**EXERCISE REQUIREMENTS**.
Some lines below hold "Stockfoto". Pick them out and copy them.

####################

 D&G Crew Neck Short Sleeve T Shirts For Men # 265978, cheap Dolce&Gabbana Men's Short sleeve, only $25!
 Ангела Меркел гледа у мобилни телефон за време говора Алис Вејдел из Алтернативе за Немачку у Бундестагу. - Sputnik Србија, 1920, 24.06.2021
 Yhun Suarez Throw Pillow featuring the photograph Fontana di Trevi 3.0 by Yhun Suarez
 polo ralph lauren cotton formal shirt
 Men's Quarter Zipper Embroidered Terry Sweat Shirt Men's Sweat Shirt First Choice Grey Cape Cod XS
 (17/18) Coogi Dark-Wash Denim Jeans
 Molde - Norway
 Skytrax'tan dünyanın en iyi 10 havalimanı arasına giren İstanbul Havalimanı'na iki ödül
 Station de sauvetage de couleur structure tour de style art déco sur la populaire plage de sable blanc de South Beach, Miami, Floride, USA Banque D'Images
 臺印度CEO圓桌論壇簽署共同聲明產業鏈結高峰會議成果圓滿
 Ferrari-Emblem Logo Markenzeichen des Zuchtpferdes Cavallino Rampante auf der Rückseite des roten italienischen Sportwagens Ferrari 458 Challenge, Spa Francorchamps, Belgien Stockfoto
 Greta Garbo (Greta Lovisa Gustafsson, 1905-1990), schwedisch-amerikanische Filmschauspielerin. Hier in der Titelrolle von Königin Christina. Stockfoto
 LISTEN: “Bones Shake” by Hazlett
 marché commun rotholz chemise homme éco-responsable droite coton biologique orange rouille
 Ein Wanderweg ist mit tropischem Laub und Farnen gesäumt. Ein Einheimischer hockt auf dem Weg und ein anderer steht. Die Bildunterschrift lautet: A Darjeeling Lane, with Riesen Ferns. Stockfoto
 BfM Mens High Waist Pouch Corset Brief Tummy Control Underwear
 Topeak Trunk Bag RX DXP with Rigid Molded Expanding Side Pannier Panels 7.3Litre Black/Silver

####################

**WRITTEN SOLUTION**.
 Ferrari-Emblem Logo Markenzeichen des Zuchtpferdes Cavallino Rampante auf der Rückseite des roten italienischen Sportwagens Ferrari 458 Challenge, Spa Francorchamps, Belgien Stockfoto
 Greta Garbo (Greta Lovisa Gustafsson, 1905-1990), schwedisch-amerikanische Filmschauspielerin. Hier in der Titelrolle von Königin Christina. Stockfoto
 Ein Wanderweg ist mit tropischem Laub und Farnen gesäumt. Ein Einheimischer hockt auf dem Weg und ein anderer steht. Die Bildunterschrift lautet: A Darjeeling Lane, with Riesen Ferns. Stockfoto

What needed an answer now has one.